Among the entries below, only the lines from the one with "極小北極圏上下する毛染めキャップ 洗って使える ヘアカラー" through the one with "Коньки ледовые детские" are wanted, reproduced exactly. Pictures are not wanted.

## Data
----------------------------------------

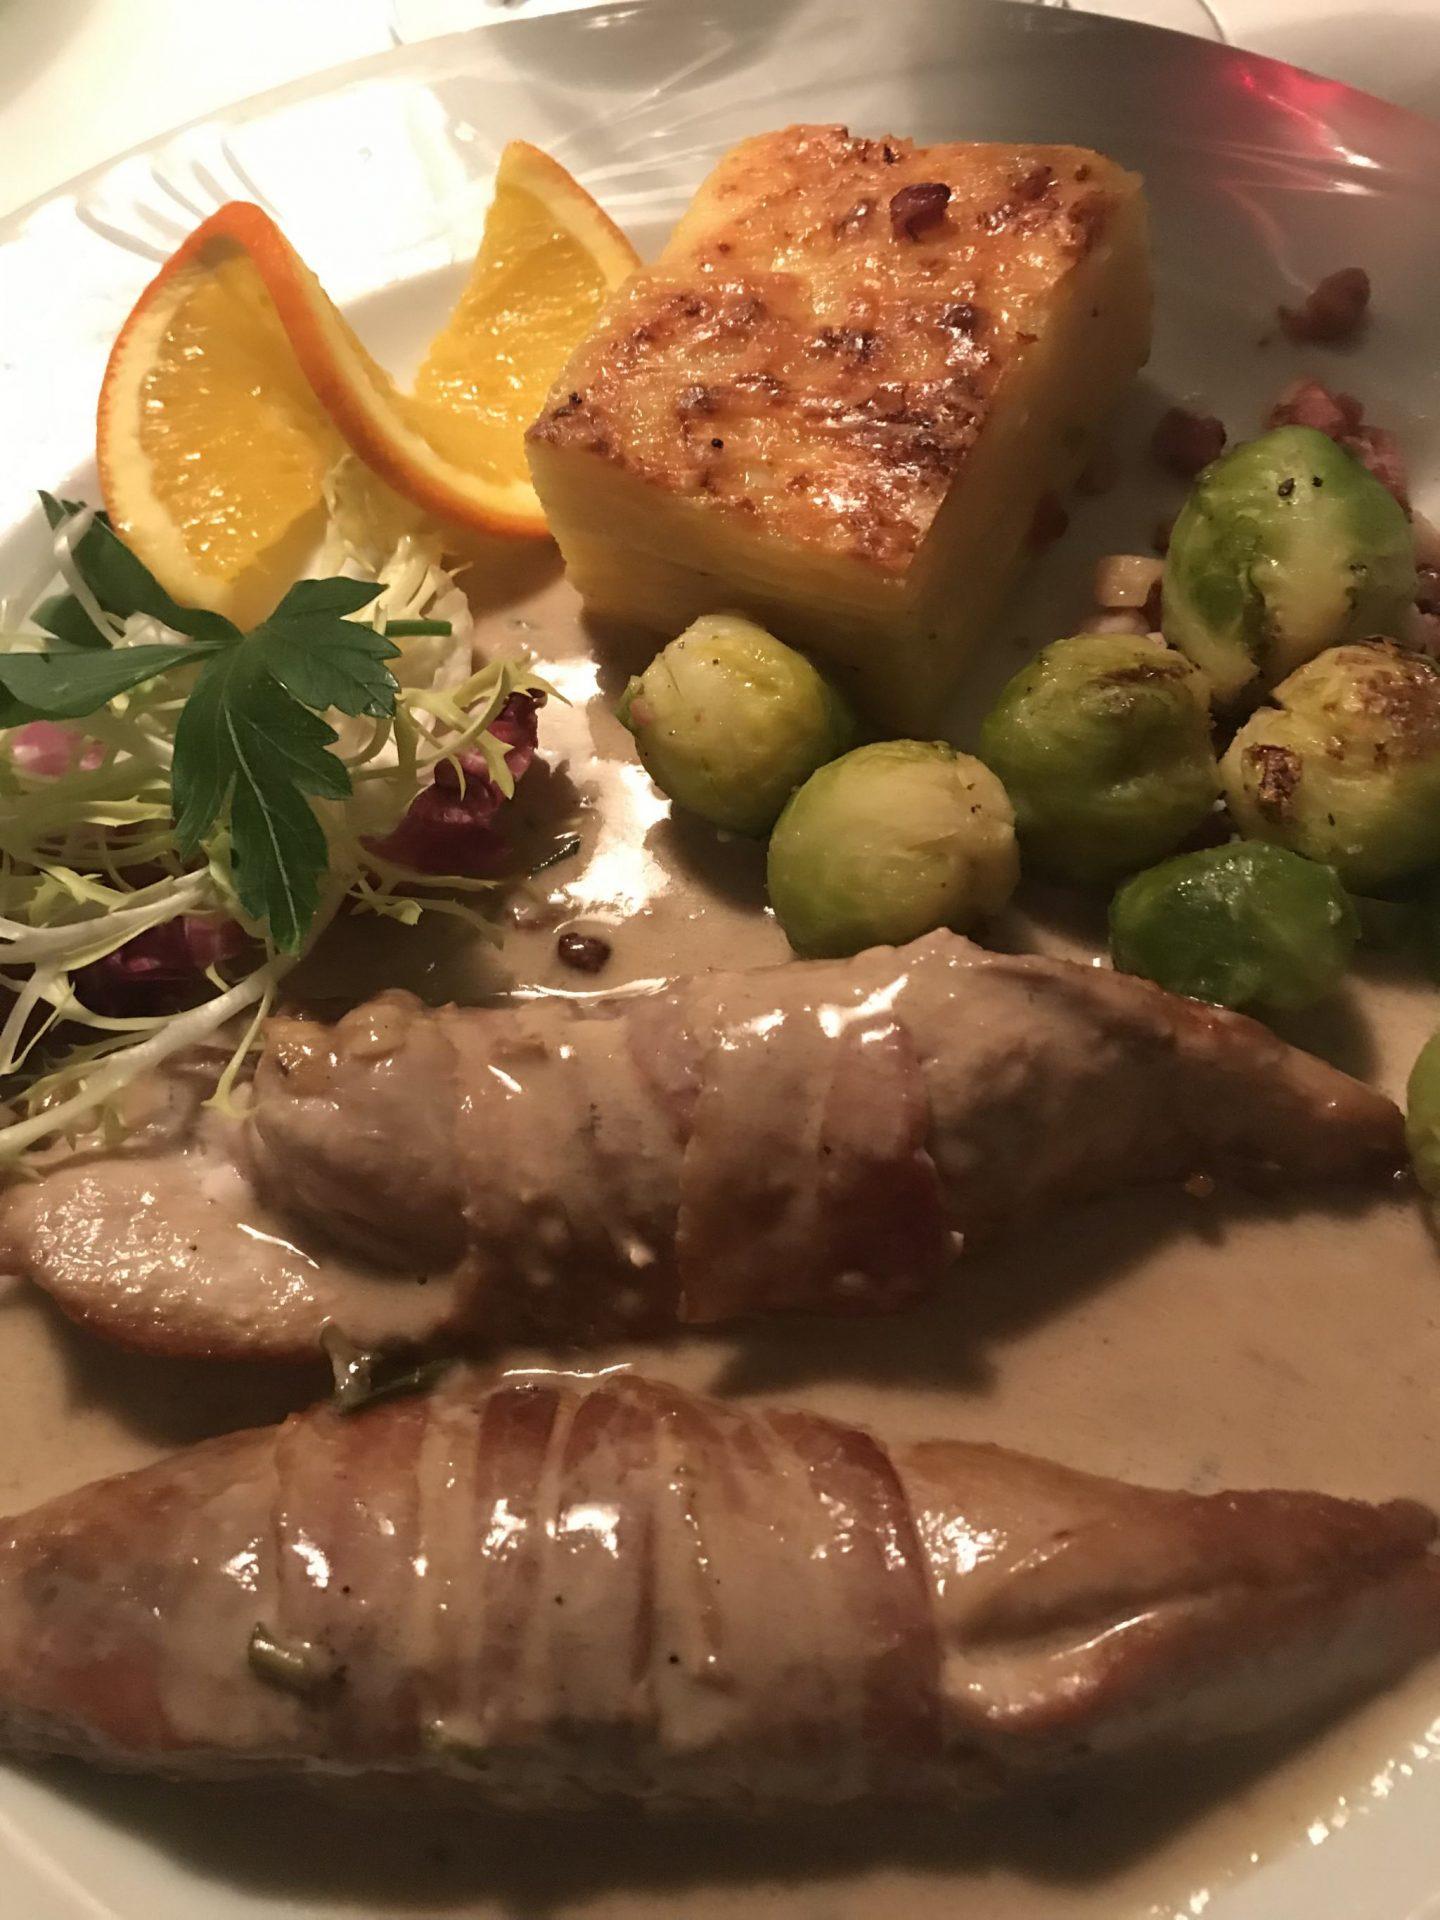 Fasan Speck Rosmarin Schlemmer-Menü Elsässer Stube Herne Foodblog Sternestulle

----------------------------------------

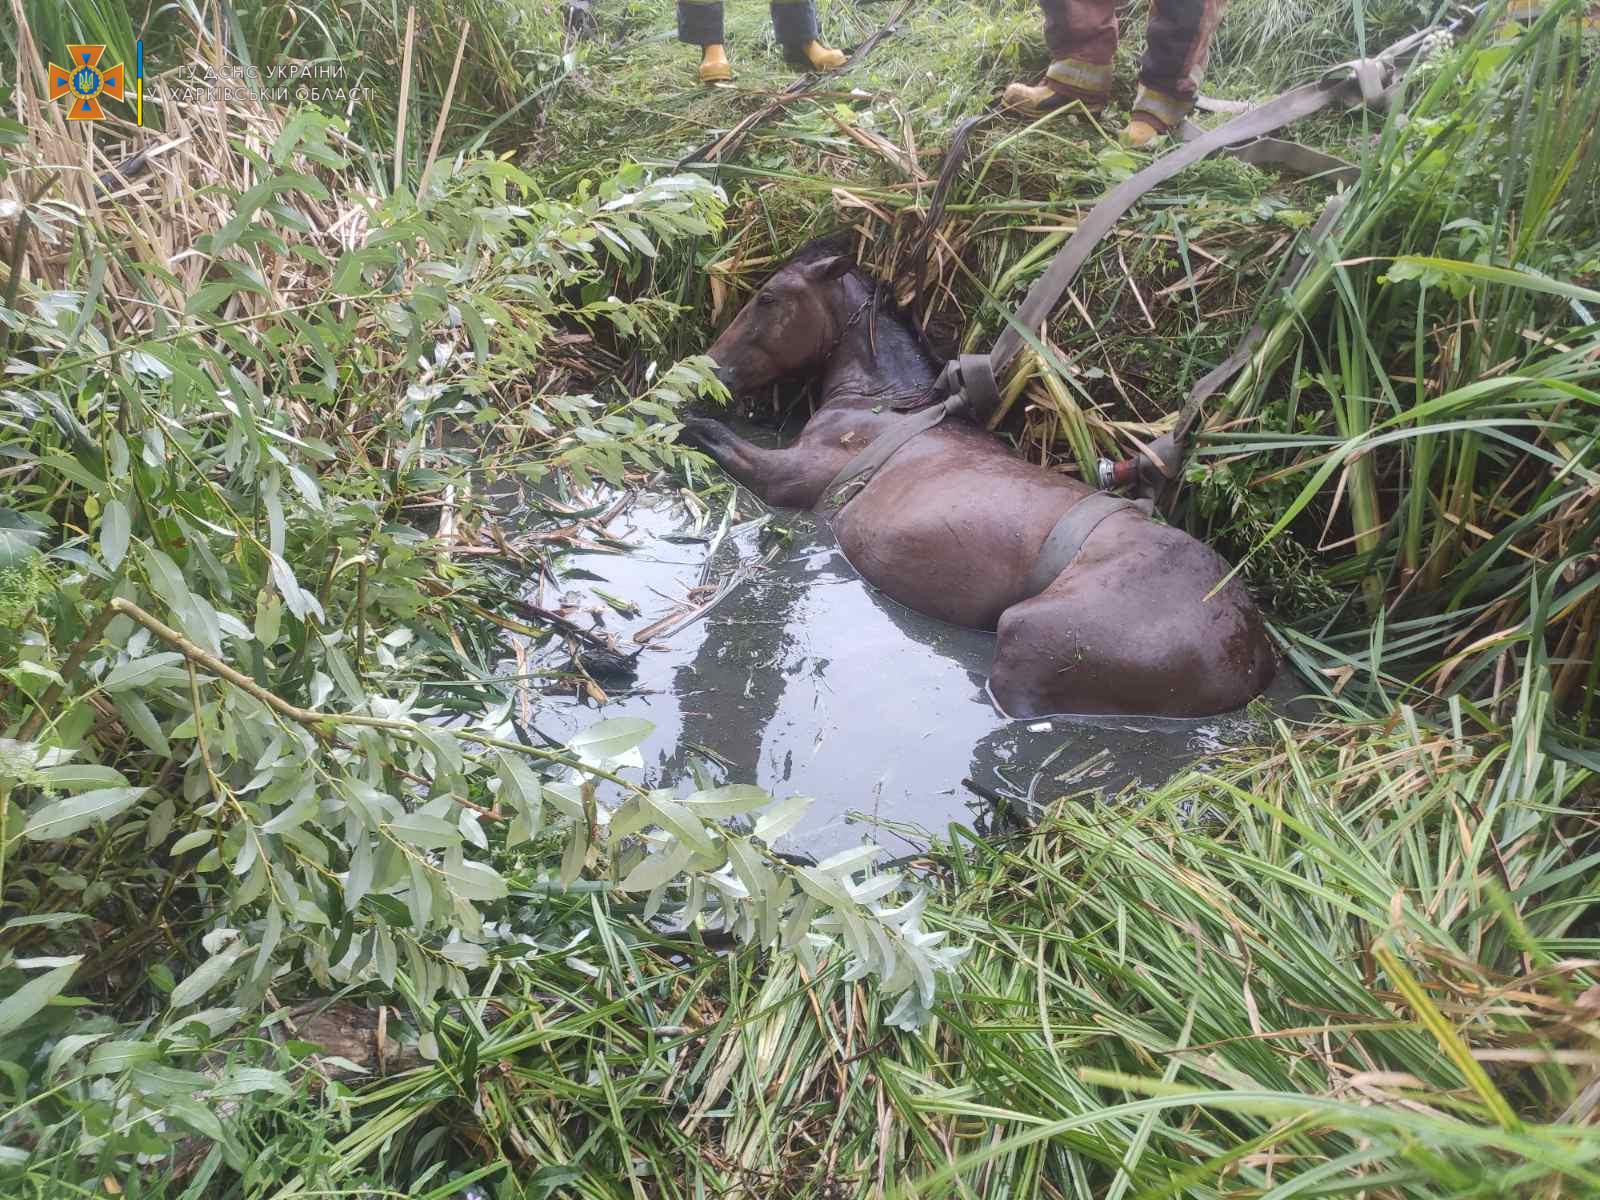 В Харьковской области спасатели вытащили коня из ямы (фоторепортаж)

----------------------------------------

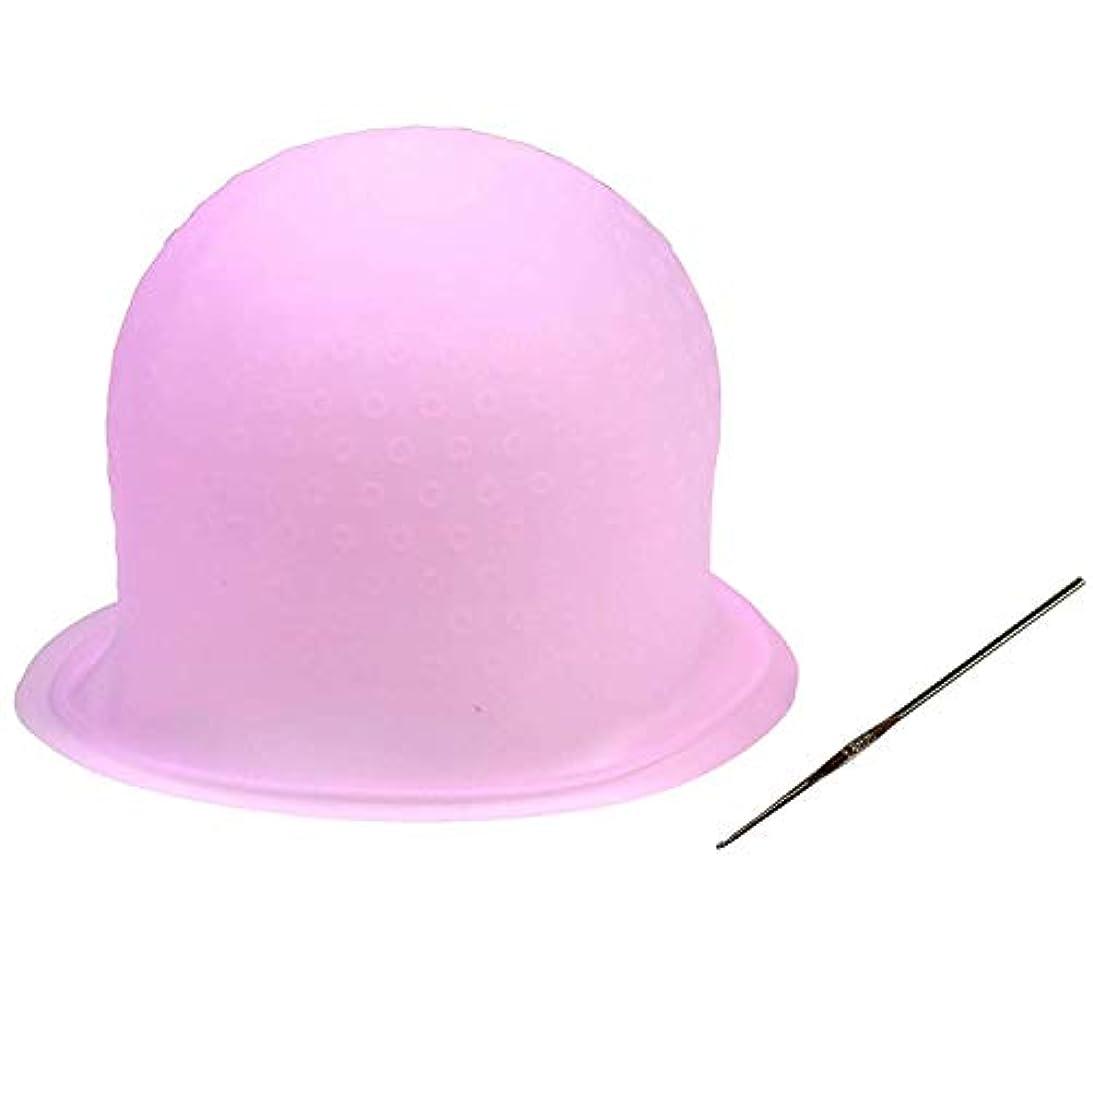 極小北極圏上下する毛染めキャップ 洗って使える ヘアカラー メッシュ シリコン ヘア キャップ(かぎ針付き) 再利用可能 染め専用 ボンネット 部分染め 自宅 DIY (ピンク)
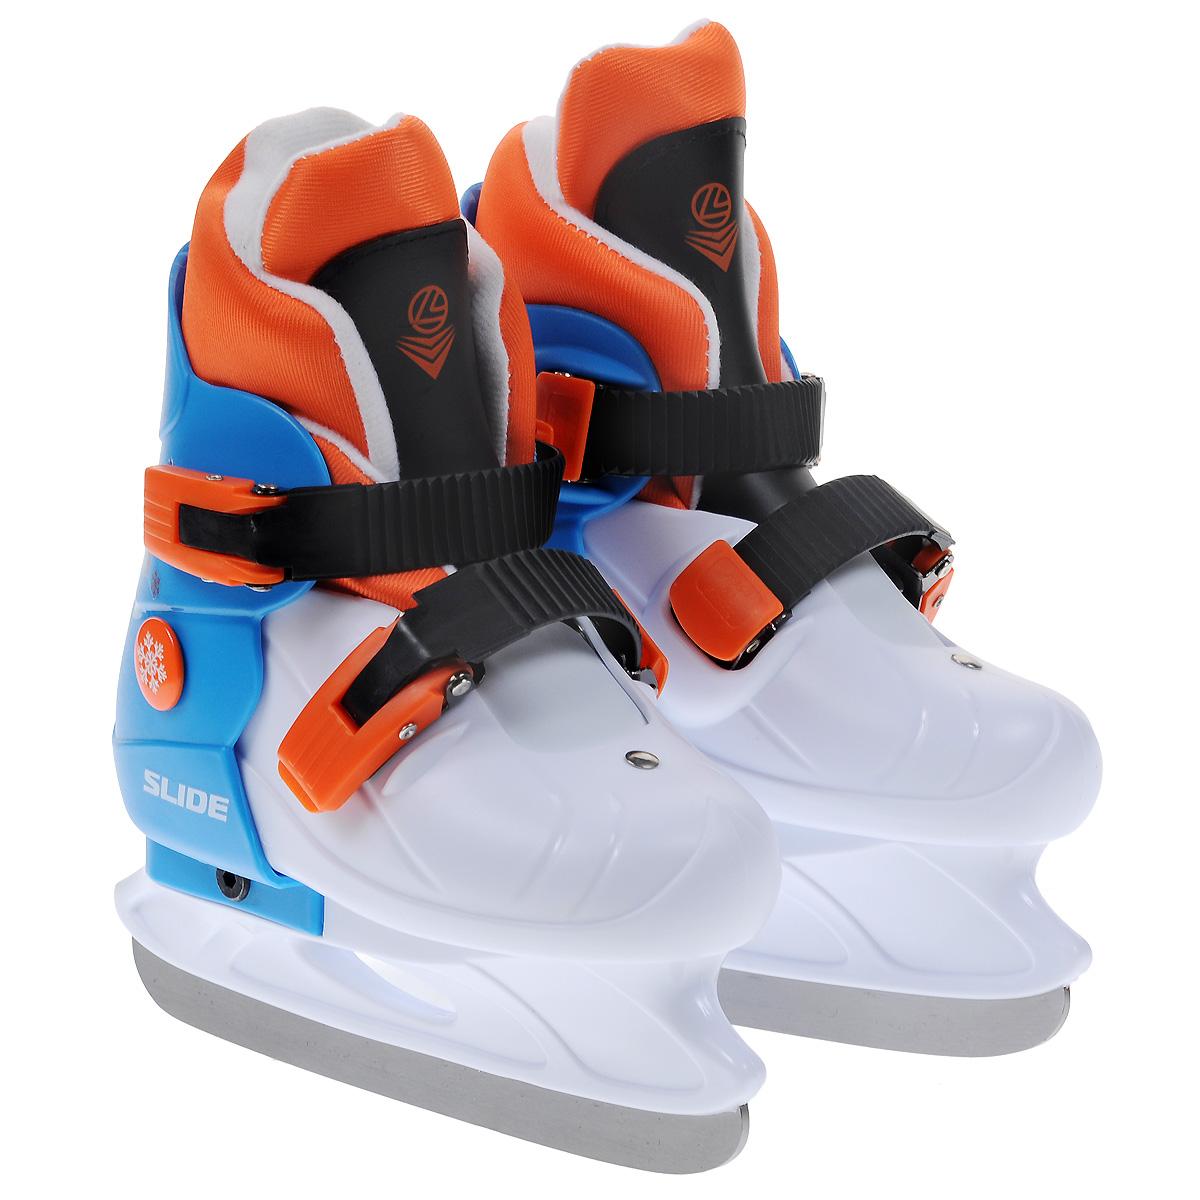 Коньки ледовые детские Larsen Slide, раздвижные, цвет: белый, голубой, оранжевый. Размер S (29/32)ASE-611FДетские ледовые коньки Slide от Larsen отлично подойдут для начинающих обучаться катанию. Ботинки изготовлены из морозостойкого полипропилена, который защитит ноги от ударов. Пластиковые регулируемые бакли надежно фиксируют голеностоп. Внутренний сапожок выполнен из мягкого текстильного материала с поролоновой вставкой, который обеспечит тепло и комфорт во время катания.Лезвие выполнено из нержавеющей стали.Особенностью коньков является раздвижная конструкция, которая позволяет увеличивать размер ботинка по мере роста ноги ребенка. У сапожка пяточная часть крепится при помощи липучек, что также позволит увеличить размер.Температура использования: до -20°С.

----------------------------------------

## Exercise output
 極小北極圏上下する毛染めキャップ 洗って使える ヘアカラー メッシュ シリコン ヘア キャップ(かぎ針付き) 再利用可能 染め専用 ボンネット 部分染め 自宅 DIY (ピンク)
 Коньки ледовые детские Larsen Slide, раздвижные, цвет: белый, голубой, оранжевый. Размер S (29/32)ASE-611FДетские ледовые коньки Slide от Larsen отлично подойдут для начинающих обучаться катанию. Ботинки изготовлены из морозостойкого полипропилена, который защитит ноги от ударов. Пластиковые регулируемые бакли надежно фиксируют голеностоп. Внутренний сапожок выполнен из мягкого текстильного материала с поролоновой вставкой, который обеспечит тепло и комфорт во время катания.Лезвие выполнено из нержавеющей стали.Особенностью коньков является раздвижная конструкция, которая позволяет увеличивать размер ботинка по мере роста ноги ребенка. У сапожка пяточная часть крепится при помощи липучек, что также позволит увеличить размер.Температура использования: до -20°С.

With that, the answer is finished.